Organic Recipes: From our Farm to your Kitchen

Here you'll find organic recipes that have been passed down from generation to generation, and from friends and customers alike. Browse through recipes, holiday ideas, and storage tips in our Kitchen section.

If you have a recipe of your own which you\'d like to share, please contact us and send it to us!

Showing: All Recipes

  • Kale Sauté


    • 1 tsp mild flavored olive oil
    • 1 small onion, cut in half and sliced
    • 1 clove garlic, crushed (or 1/2 tsp. bottled garlic puree)
    • 1 bunch kale
    • 1 small tomato


    In skillet (preferably cast iron), place oil, onion, garlic, and 1/4 c. water. Cover and cook over medium heat until onions are transparent. Meanwhile, wash kale and separate from ribs. Chop the kale leaves and add to the skillet. Saute 5 minutes or until kale wilts and turns deep green. Meanwhile, dice the tomato (you can seed it if you like, or add it seeds and all). Add to kale and cook until tomato begins to release its juice and the dish is hot.

    Serve over brown rice.

    Serves: 3

    Preparation time: 15 minutes

  • Kiddie Casserole


    Slice the potatoes (skins on if you prefer) thinly and boil until almost done. Drain and set aside.

    Cook sausages according to specifications, and slice into chunks. Combine them with the baked beans in a casserole dish. Layer the potatoes on top, covering everything underneath. depending on your casserole dish, you may need more potato.

    In a separate pan, heat the oil on medium heat, and fry the chopped onion until soft. Add 1/4 of the soymilk and once hot, whisk the flour in slowly. Then add the rest of the soymilk while stirring. Once gently bubbling, take the pan off the heat and add the remaining ingredients. Stir thoroughly, then pour the milky sauce over the potatoes and bake in a 220 degree centigrade (425 Fahrenheit) oven for 20-30 minutes, until brown and bubbly.

    Kids love this one, but I'll confess, I'm 22 and make this for myself all the time!

    Serves: 6 +

    Preparation time: 30 minutes

  • Lime Tofu with Quinoa and Collard Greens

    Thanks to our customer Cassondra Phillipsen for sharing this recipe with us!

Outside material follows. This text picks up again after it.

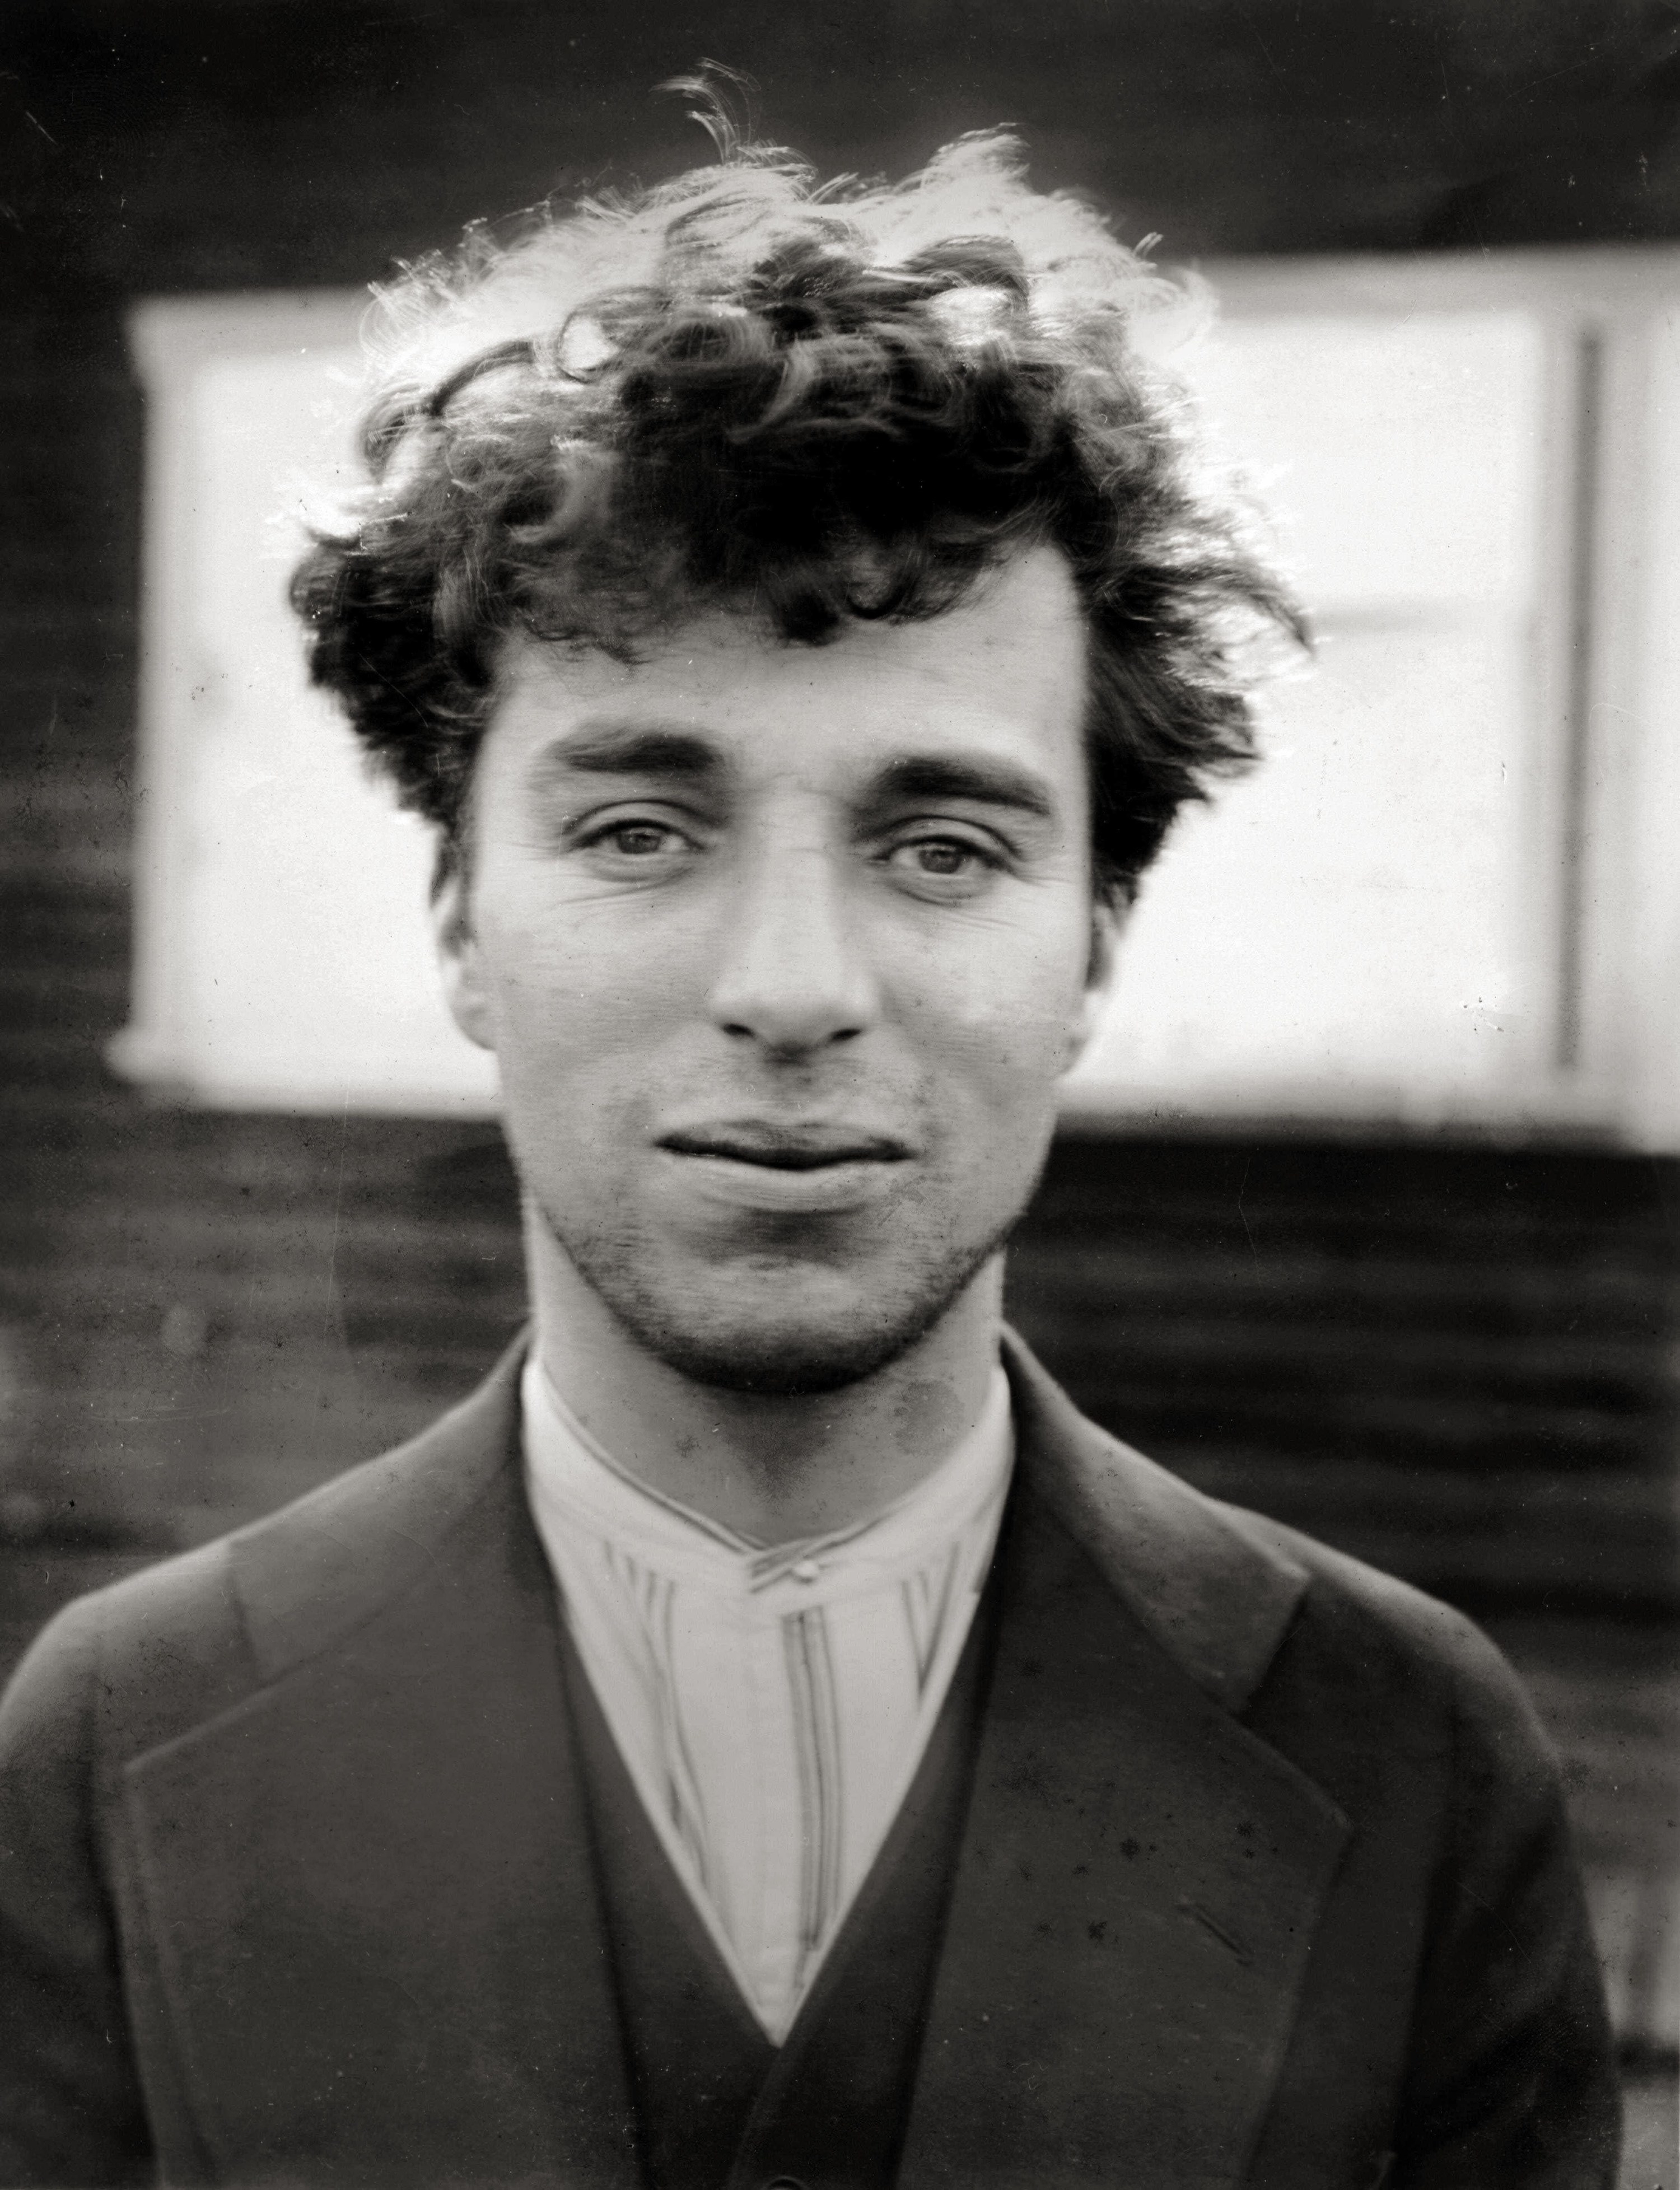 Black-and-white close-up of a man with curly hair

    • 14 oz extra firm tofu
    • 3/4 cup quinoa
    • 1 tsp cinnamon
    • 1 tbsp lime juice
    • 1/4 tsp salt
    • 1 1/3 cups water
    Sweet Chili Lime Sauce:
    • 3 tbsp sugar
    • 3 tbsp soy sauce
    • 2 tbsp lime juice
    • 1/2 tsp red pepper flakes
    • 1 clove garlic (crushed)
    • 1/4 tsp salt
    • 1 tsp dried mint leaves
    Collard Greens:
    • 1 bunch collard greens (middle stem removed, washed)
    • 3 tbsp water
    • 1 pinch salt
    • 1 tsp lime juice


    Combine all quinoa ingredients in a pot with a tight fitting lid. Bring to a boil, then reduce heat and let it simmer for 20 minutes. Whisk all of the sauce ingredients together in a bowl and set aside. Drain tofu and cut into thin triangles.

    Cook tofu in a frying pan (with no oil needed) until golden brown on each side. Combine the tofu and the sauce together on medium heat and cook for about 3 minutes. Set aside.

    Cook the collard greens in a pot. Layer each plate with quinoa, collard greens, tofu, and drizzle some extra sauce over the top.

    Serve, and enjoy!

  • Quick and Easy Broccoli


    • 1 head broccoli, cut into pieces
    • 6 cloves garlic, minced
    • 1 tablespoon olive oil
    • 1 tablespoon coconut or sesame oil
    • 1 heaping teaspoon each: sage, cumin, hot pepper flakes
    • 1/4 tablespoon salt, or more, to taste
    • 1 package whole wheat pasta


    Toast garlic and spices in oils. When brown, add the broccoli and stir-fry until tender. Add cooked pasta.

    Serves: 4

    Preparation time: 10 minutes

  • Raw Oatmeal with Cranberries


    • oat sprouts
    • wheat sprouts
    • 1 banana
    • cranberries
    • apple juice (optional)


    Put about two tablespoons of cranberries in some apple juice (or water or orange juice) to soak.

    Take a handful of oat sprouts and a few handfuls of wheat sprouts (or depending on your taste), and mix them together in a bowl.

    Peel one banana and mash in the bowl with the sprouts. Mix until you have a crunchy sprout banana consistency. You may have to add more sprouts.

    Add cranberries (but not apple juice) and eat!